(Dataset excerpt)
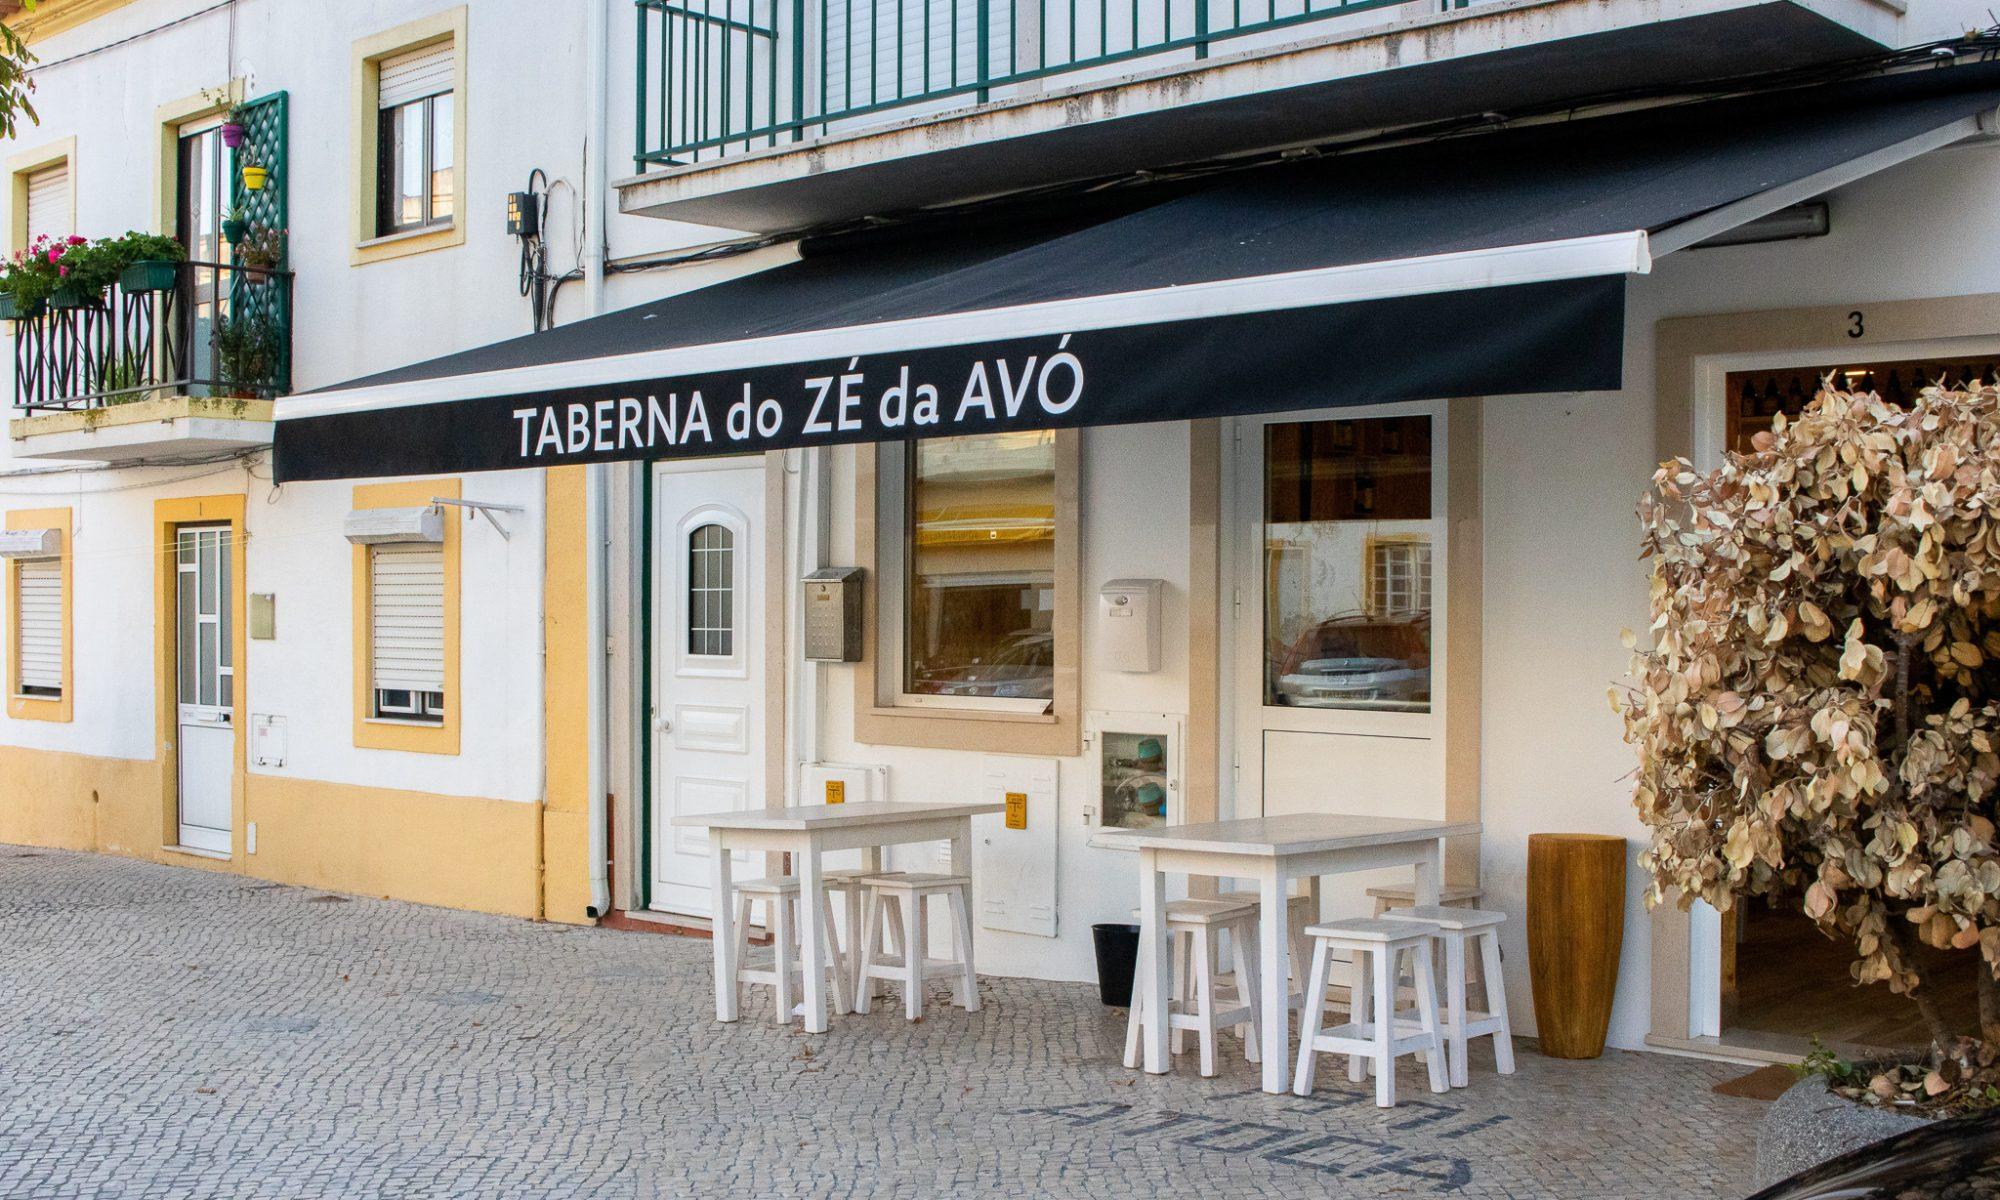 taberna-ze-da-avo-nazare-comida-portuguesa-til-magazine-leiria
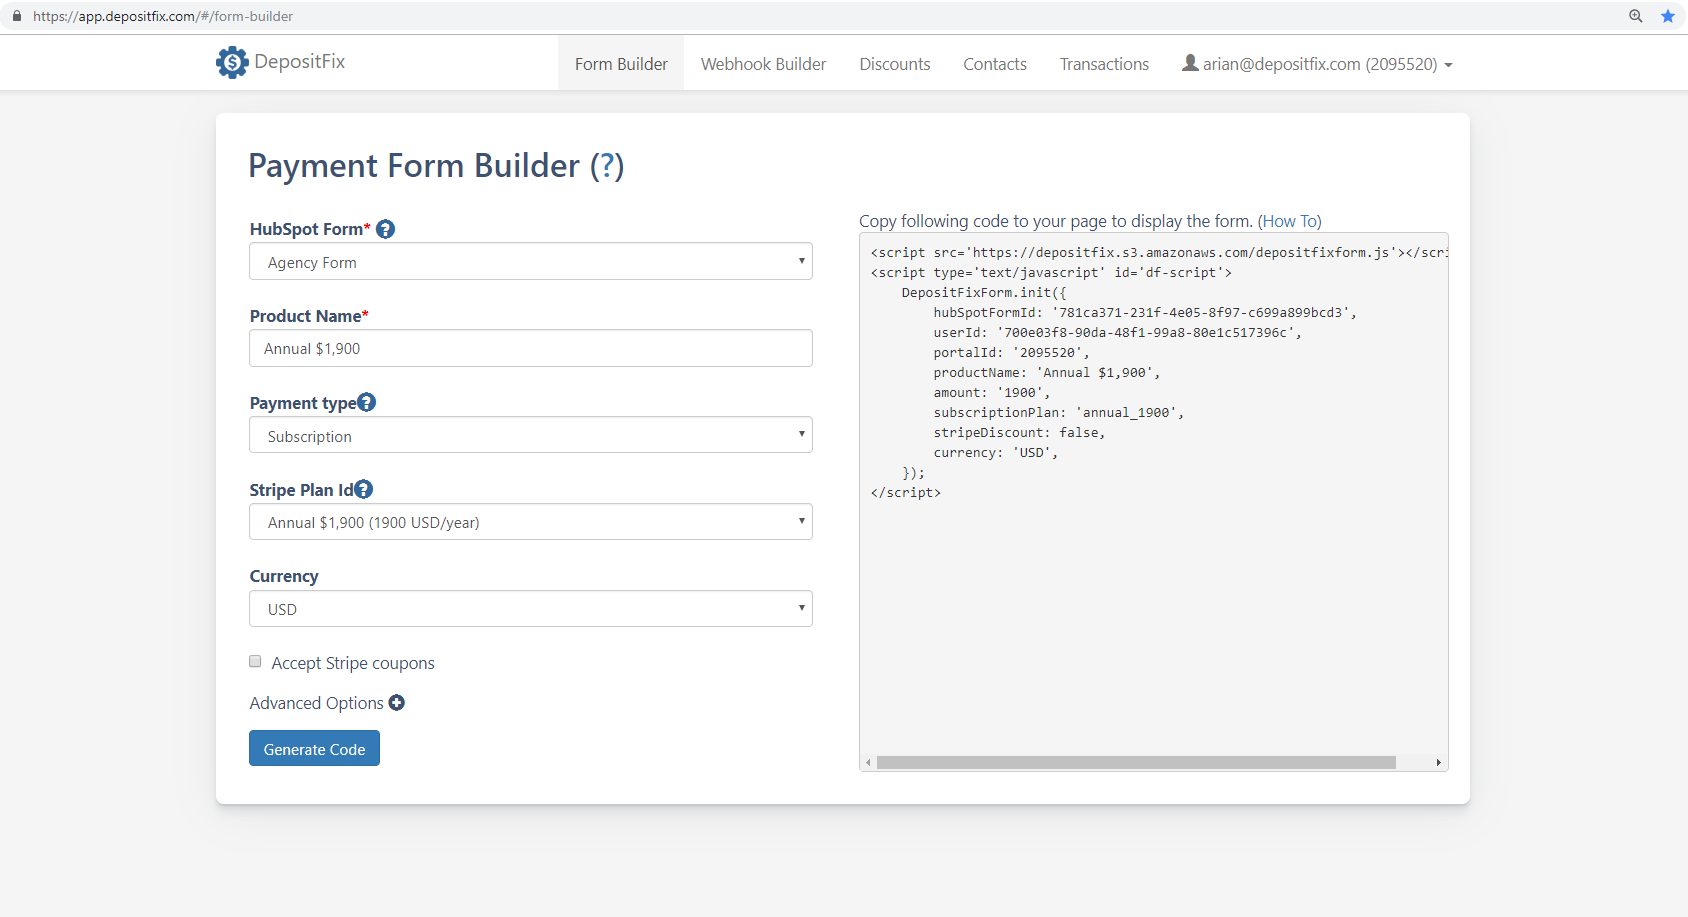 Depositfix - 4  Using Payment Form Builder
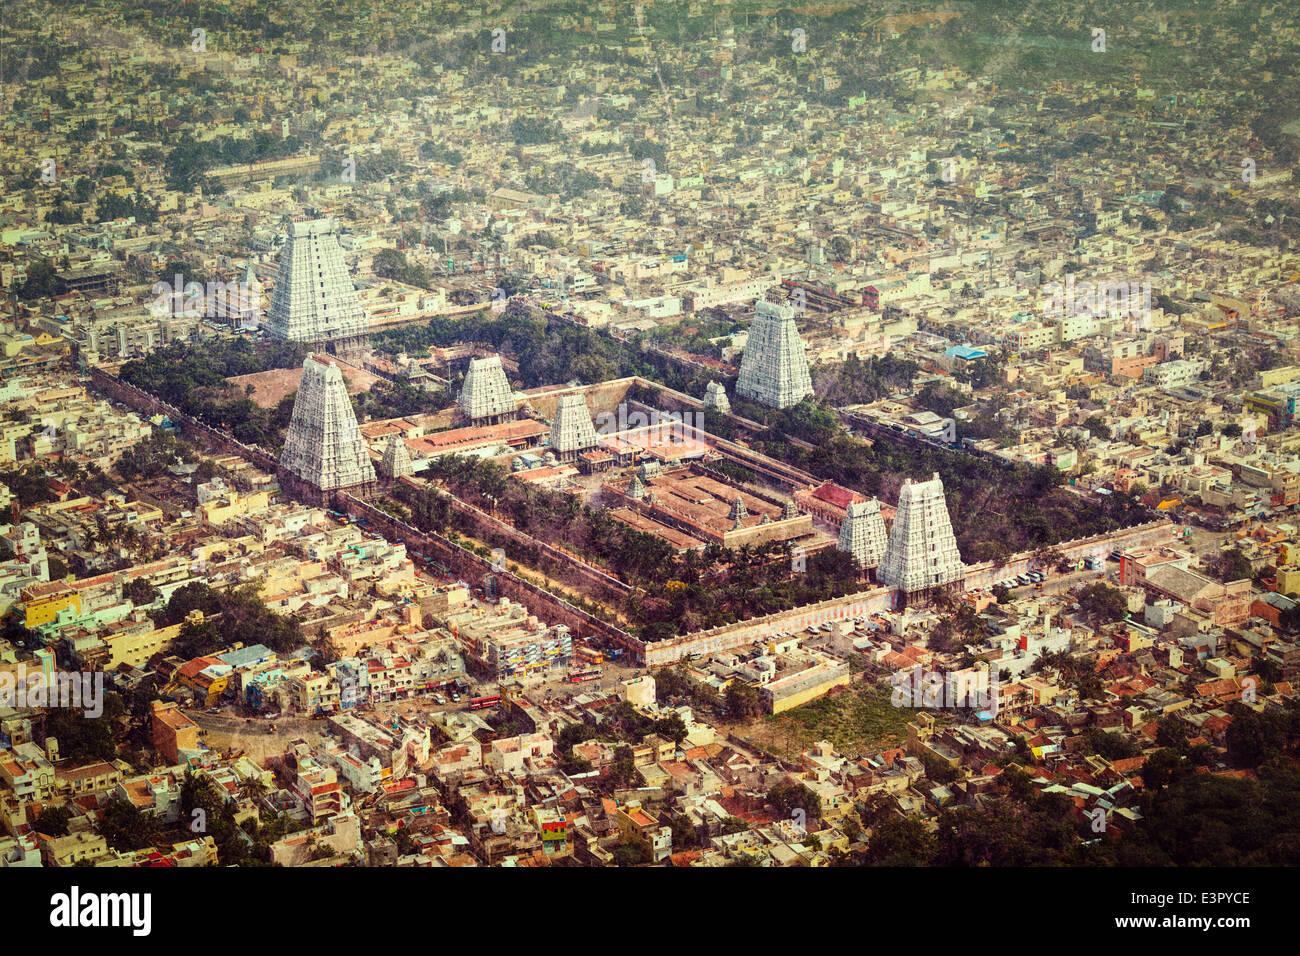 Vintage retro hipster style travel image Arulmigu Arunachaleswarar Hindu Temple and indian city Tiruvannamalai, - Stock Image
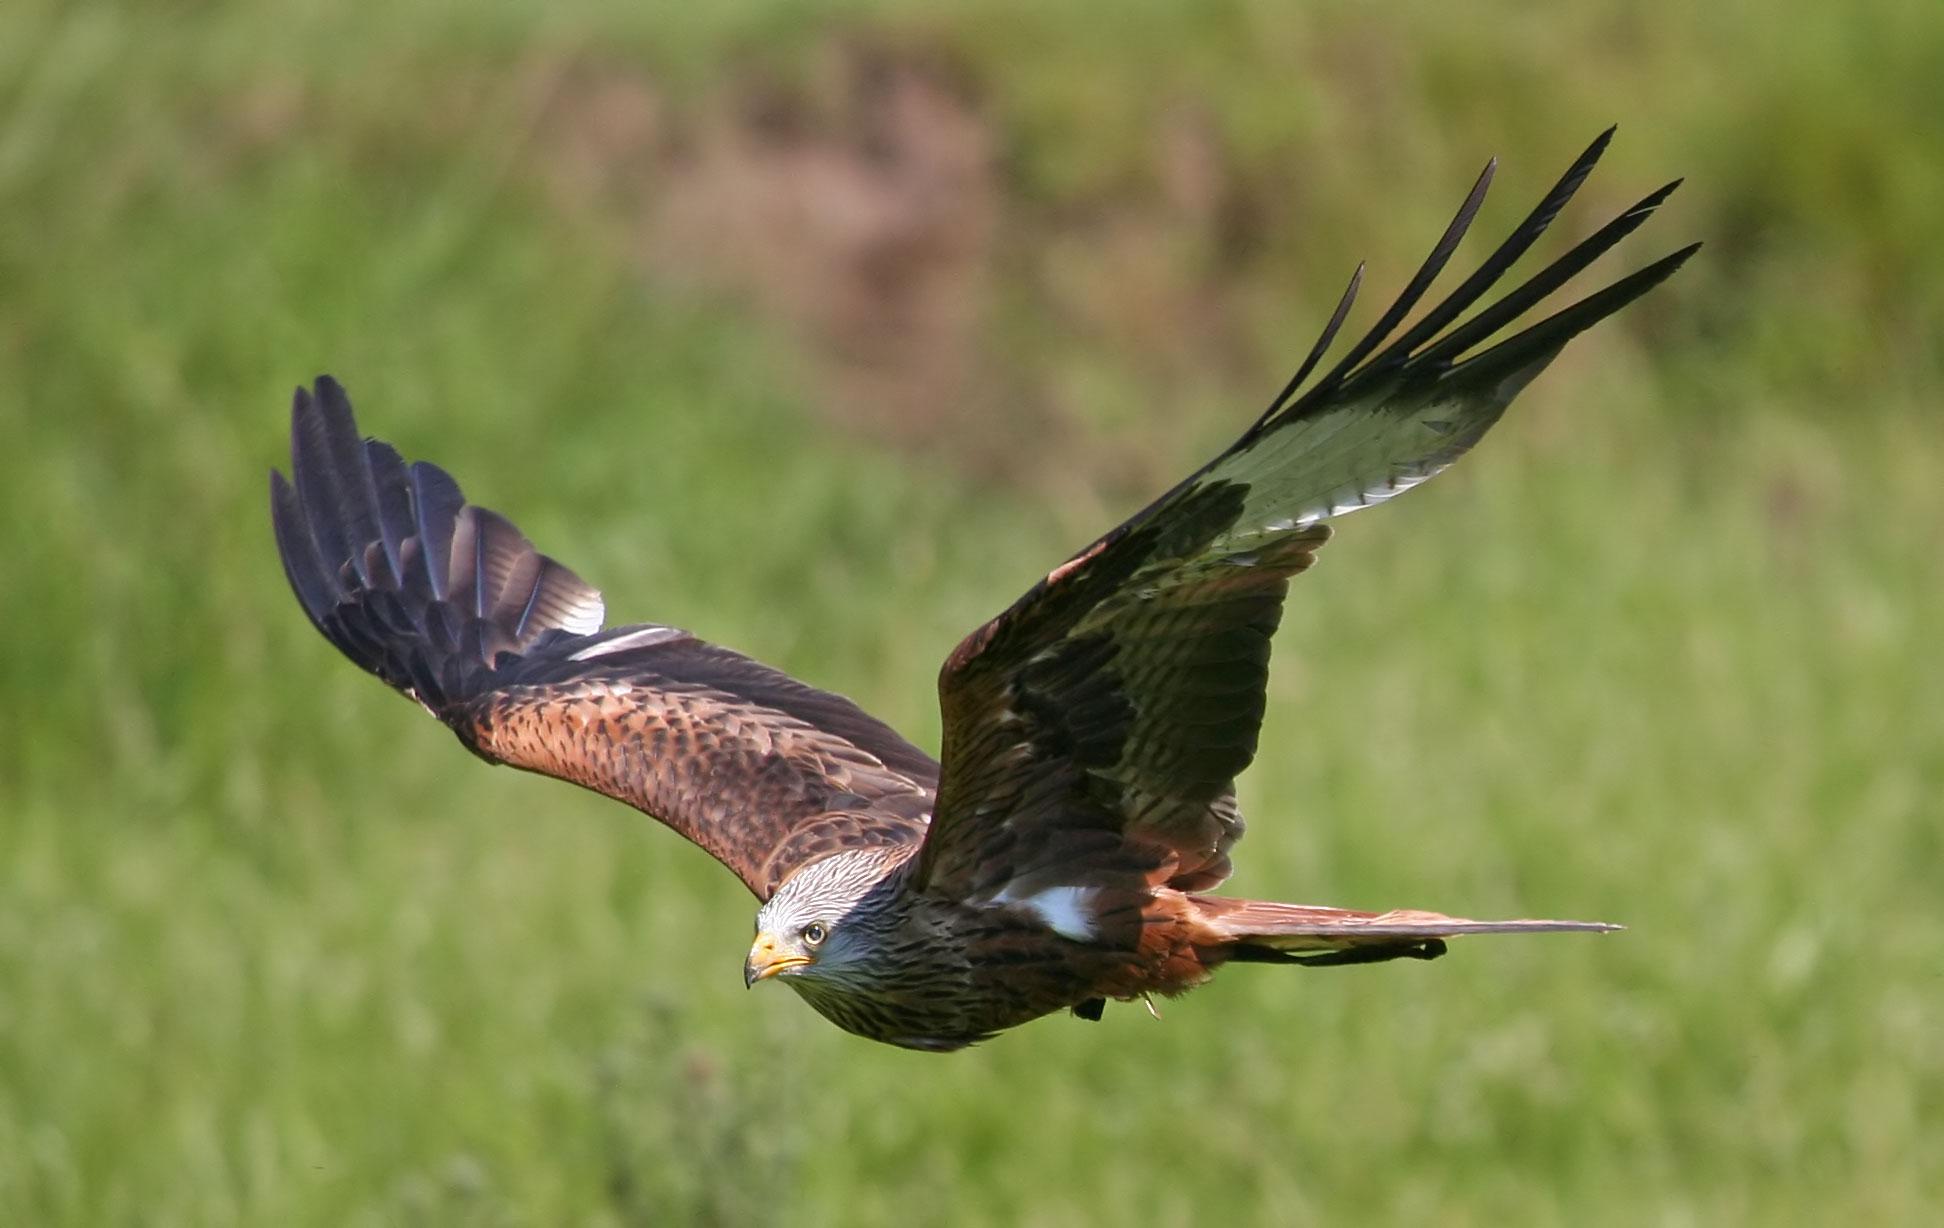 Flying_Falcon
(End Dataset excerpt)
Assignment:
Would you please set down the listing above exactly, minus its images?

Result of the exercise:
 taberna-ze-da-avo-nazare-comida-portuguesa-til-magazine-leiria
 Depositfix - 4  Using Payment Form Builder
 Vintage retro hipster style travel image Arulmigu Arunachaleswarar Hindu Temple and indian city Tiruvannamalai, - Stock Image
 Flying_Falcon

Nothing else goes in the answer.